(WHAT YOU SHOULD DO):
Using the records below, copy exactly the part that opens with the line holding "Men's Watches Auto" and closes with the line holding "Ceremony room at", minus the pictures.

(SOURCE DATA):
--- START ---
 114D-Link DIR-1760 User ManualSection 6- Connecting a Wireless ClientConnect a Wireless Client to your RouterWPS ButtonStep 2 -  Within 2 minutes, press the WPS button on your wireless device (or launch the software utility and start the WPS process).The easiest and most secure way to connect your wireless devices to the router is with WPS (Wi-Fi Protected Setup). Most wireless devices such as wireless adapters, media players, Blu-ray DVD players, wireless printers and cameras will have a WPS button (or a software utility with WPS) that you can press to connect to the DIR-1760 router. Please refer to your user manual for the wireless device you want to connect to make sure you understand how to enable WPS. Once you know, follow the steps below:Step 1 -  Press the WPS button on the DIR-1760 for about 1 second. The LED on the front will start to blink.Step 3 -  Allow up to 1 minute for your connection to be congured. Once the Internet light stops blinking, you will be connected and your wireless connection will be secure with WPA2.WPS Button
--- END ---
--- START ---
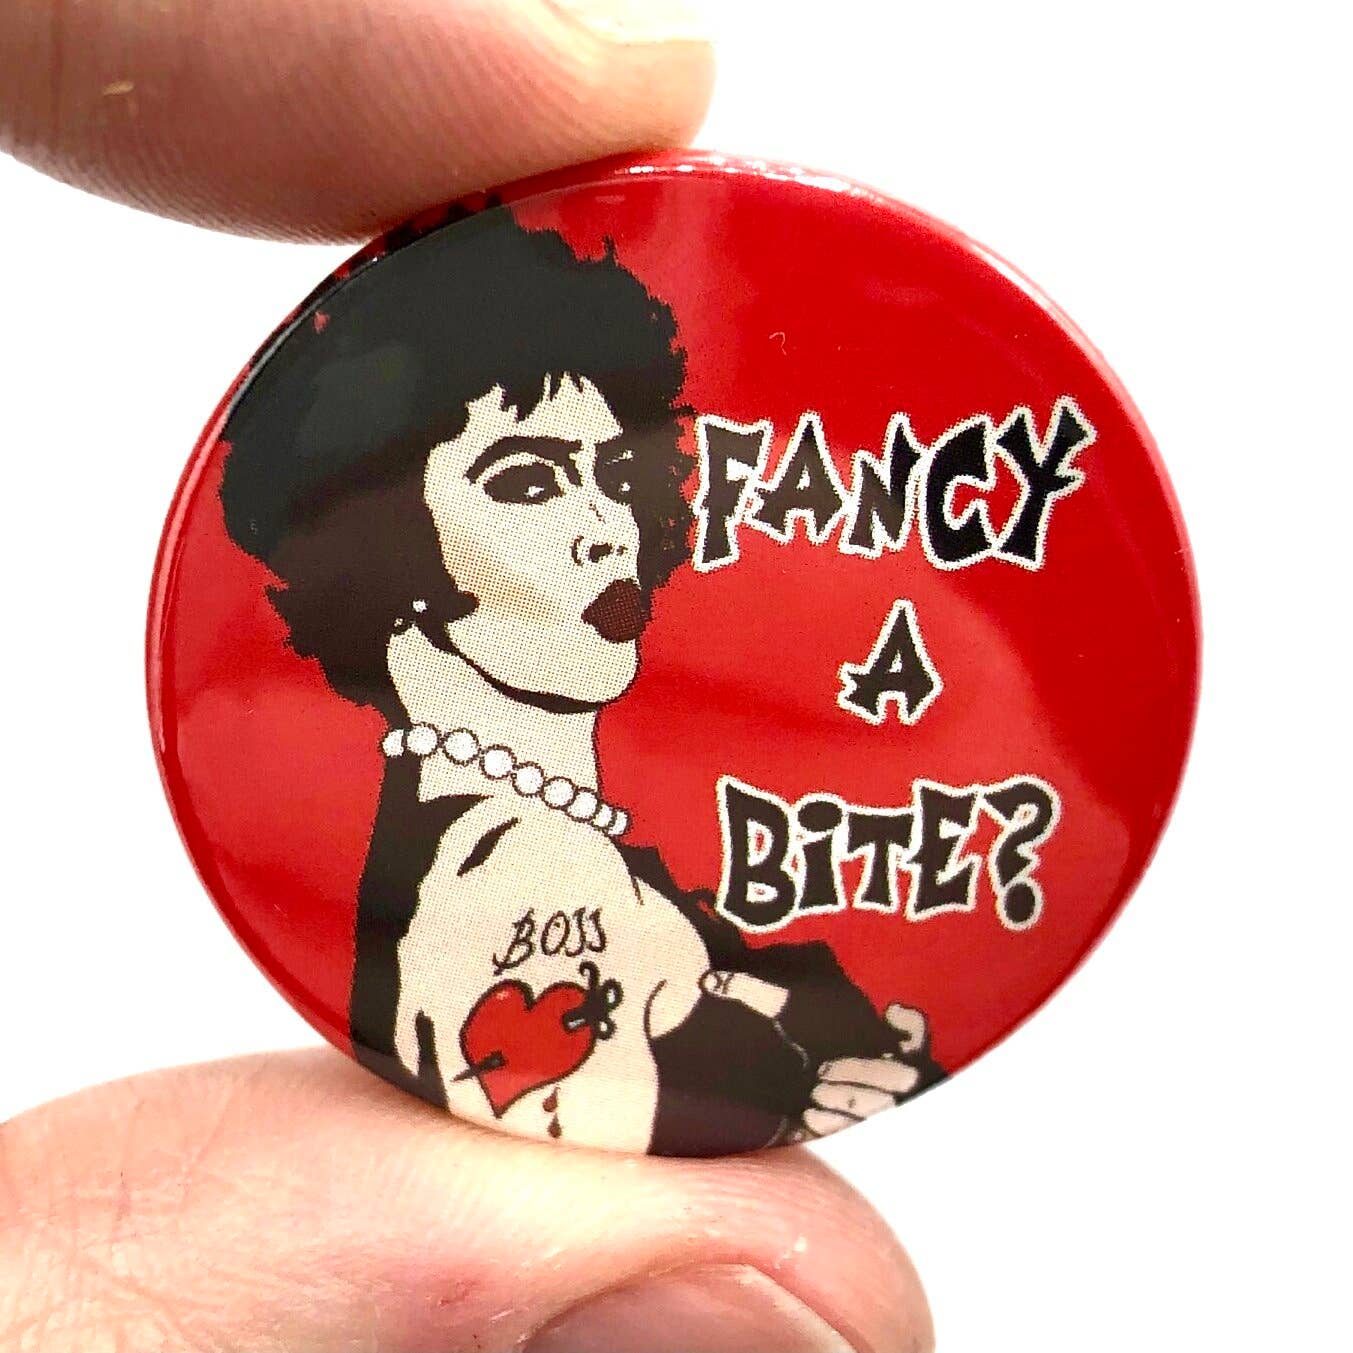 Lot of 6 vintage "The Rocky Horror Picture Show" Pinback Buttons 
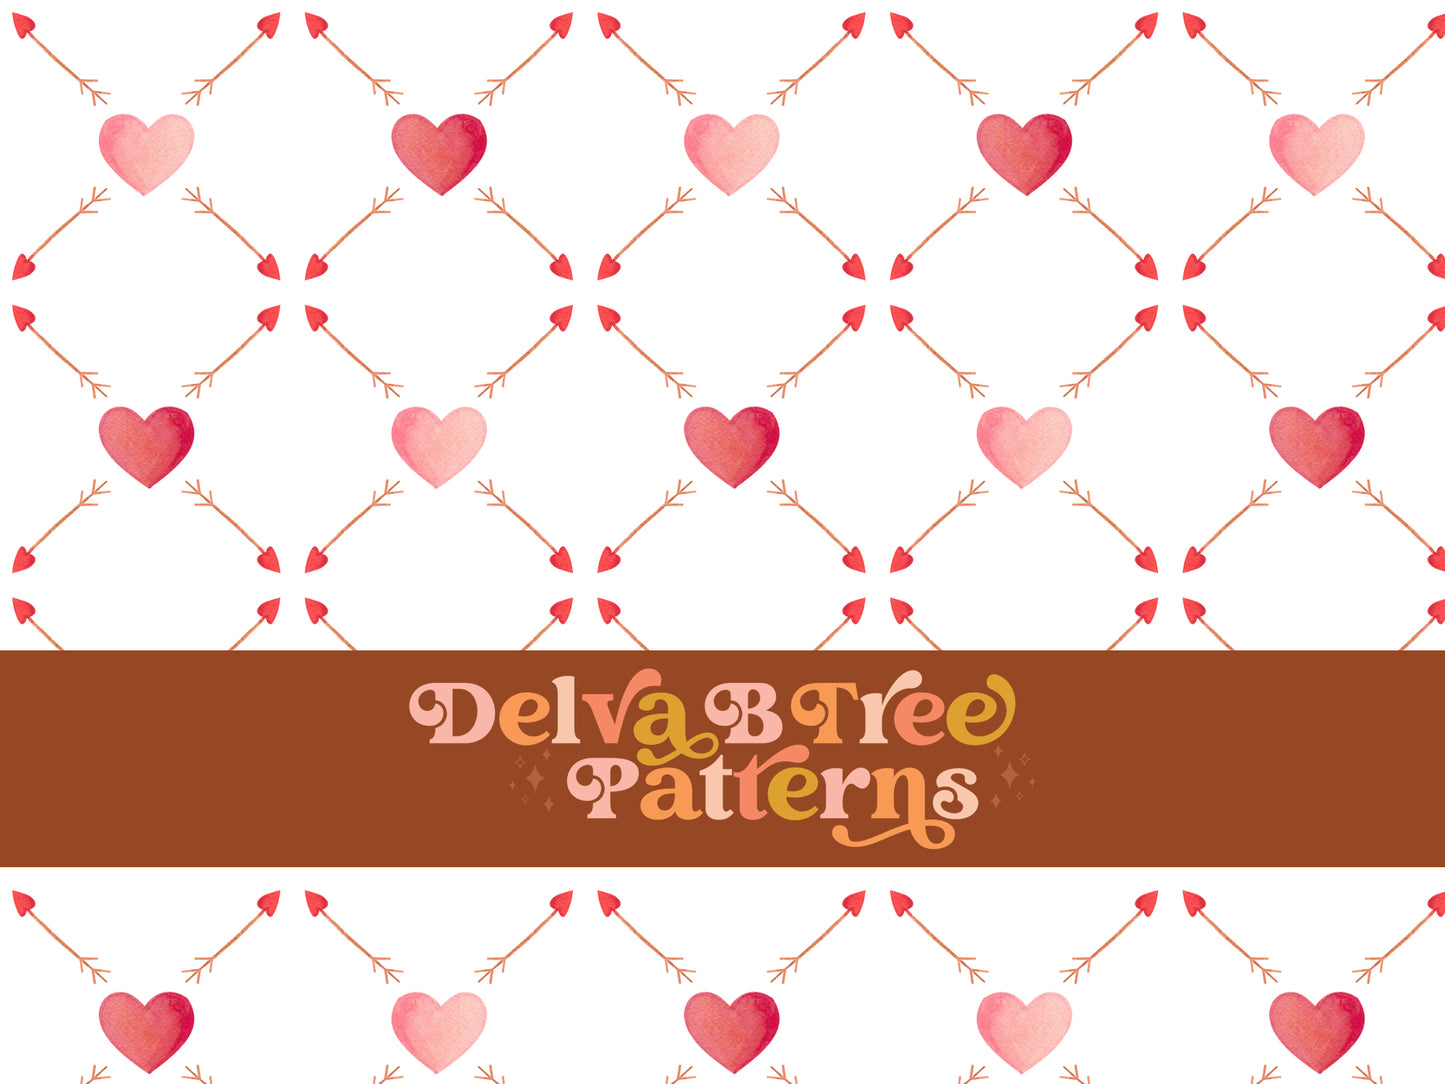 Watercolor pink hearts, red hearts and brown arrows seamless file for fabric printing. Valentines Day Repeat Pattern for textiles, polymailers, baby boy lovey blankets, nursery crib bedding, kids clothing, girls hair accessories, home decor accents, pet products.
--- END ---
--- START ---
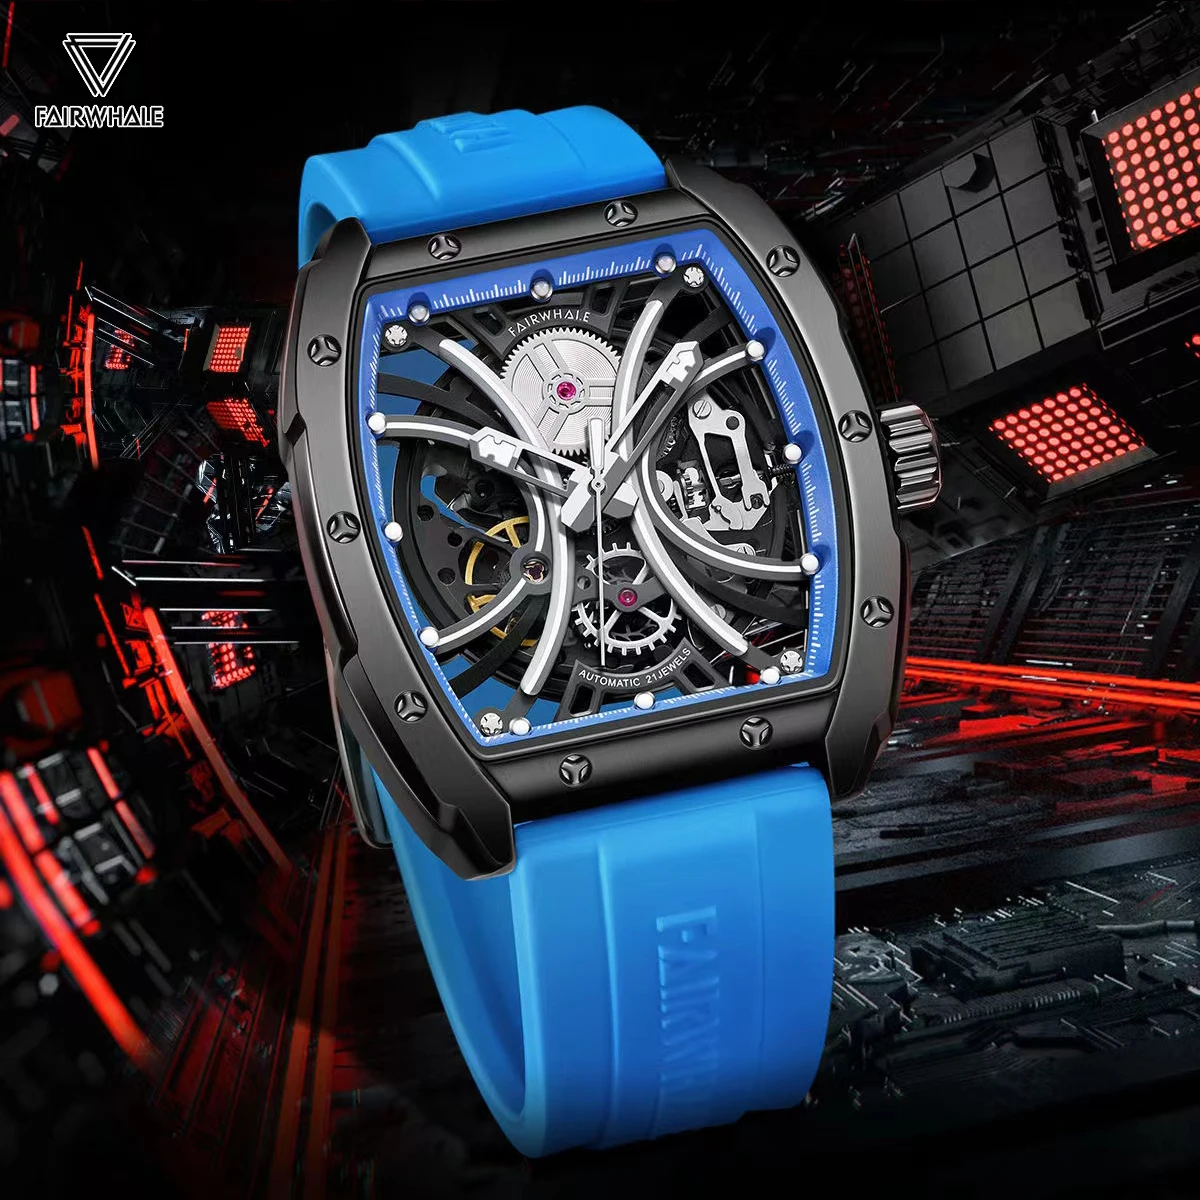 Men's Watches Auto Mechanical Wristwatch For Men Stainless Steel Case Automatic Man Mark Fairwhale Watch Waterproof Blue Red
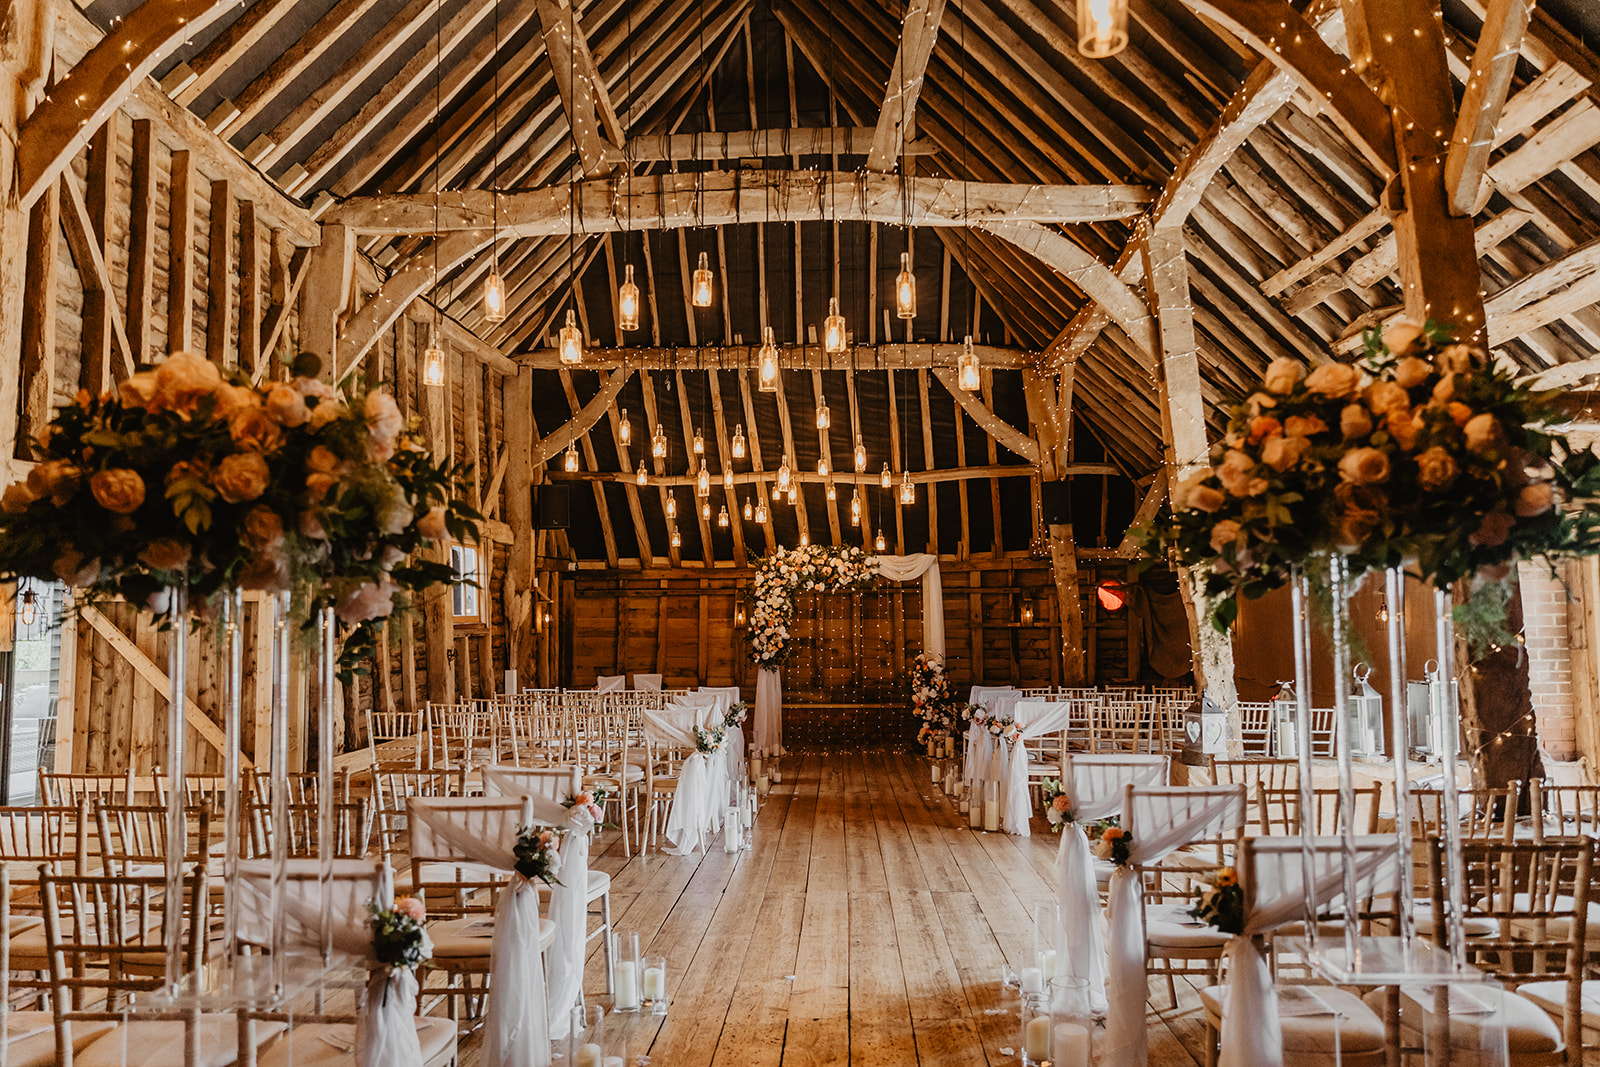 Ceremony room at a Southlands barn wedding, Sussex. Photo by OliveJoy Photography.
--- END ---
(REPLY):
 Men's Watches Auto Mechanical Wristwatch For Men Stainless Steel Case Automatic Man Mark Fairwhale Watch Waterproof Blue Red
 Ceremony room at a Southlands barn wedding, Sussex. Photo by OliveJoy Photography.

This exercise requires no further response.